Lyu Tietong tak ambil pusing, sambil terus makan ia berkata, “Kamu kan belum nikah, belum beli rumah, pacar pun belum punya, sesekali kutraktir kenapa? Hitung-itung bantu kamu, daripada uangmu nganggur, takutnya nanti kamu malah berbuat yang aneh-aneh.”

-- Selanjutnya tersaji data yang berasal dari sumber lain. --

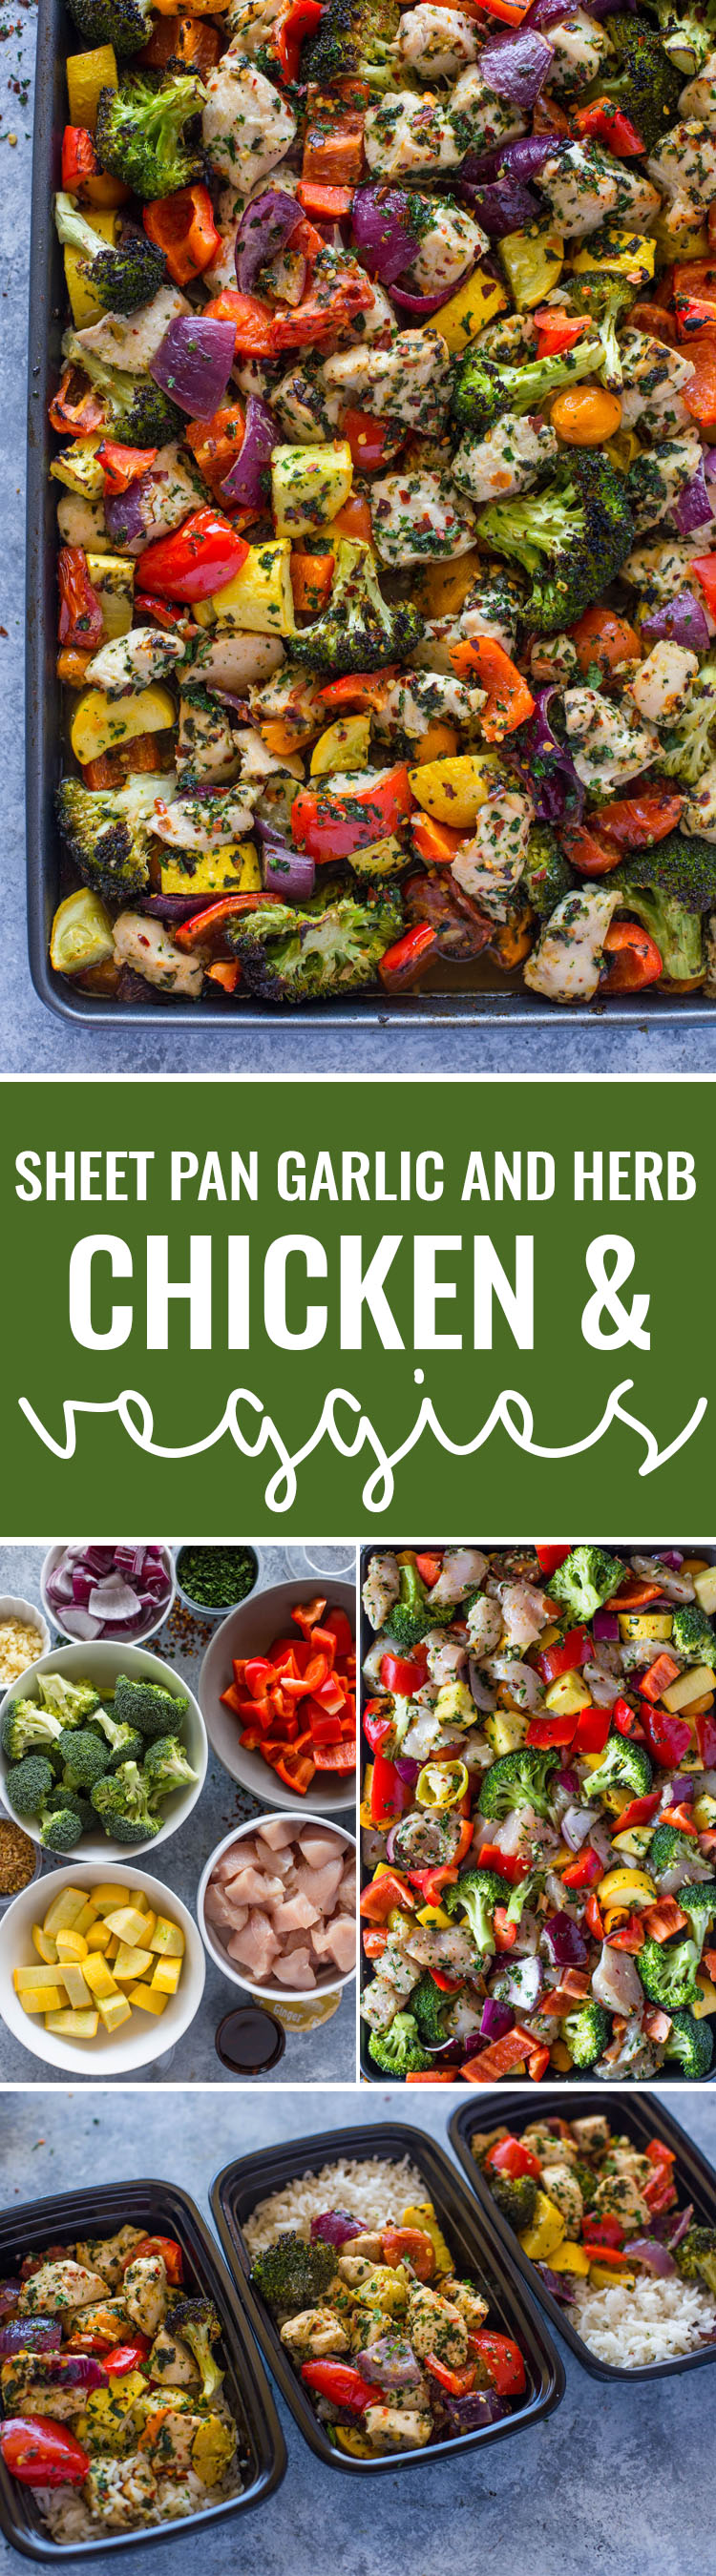 Sheet Pan Roasted Garlic & Herb Chicken and Veggies

“Siapa bilang aku nggak punya pacar...” gumam Yu Ansheng dalam hati, tapi ia tak menanggapi lawakan pria besar dari selatan itu. Pandangannya melayang ke luar jendela. Restoran Erli langganan Lyu Tietong ini terletak di selatan Kota Wangzhou, persis di seberang jembatan Jalan Porak-poranda. Dari situ, pasar barang bekas tempat kejadian perkara kemarin tampak jelas. Kini pasar itu kembali ramai seperti biasa, setiap menit ada dua atau tiga truk keluar masuk, para pedagang barang bekas mengayuh becak berjuang demi hidup, suasana hiruk-pikuk khas kota kecil, semuanya kembali normal, seolah tak pernah terjadi apa-apa. Tapi kali ini, di pintu masuk sudah tak ada lagi pos keamanan, tak ada lagi patroli perusahaan Jinlong yang berlagak melintas jalan.

Lyu Tietong yang melihat Yu Ansheng melamun, mengikuti pandangannya dan langsung paham. Ia berkata menenangkan, “Kudengar, setelah Jinlong dibubarkan, banyak toko baru buka di Jalan Porak-poranda, harga sewa di sini pun naik beberapa ratus.”

“Itu bagus, tandanya pasar makin ramai, makin banyak yang bisa cari nafkah di sini. Kalau makin banyak orang bisa makan, itu sudah hal yang baik.”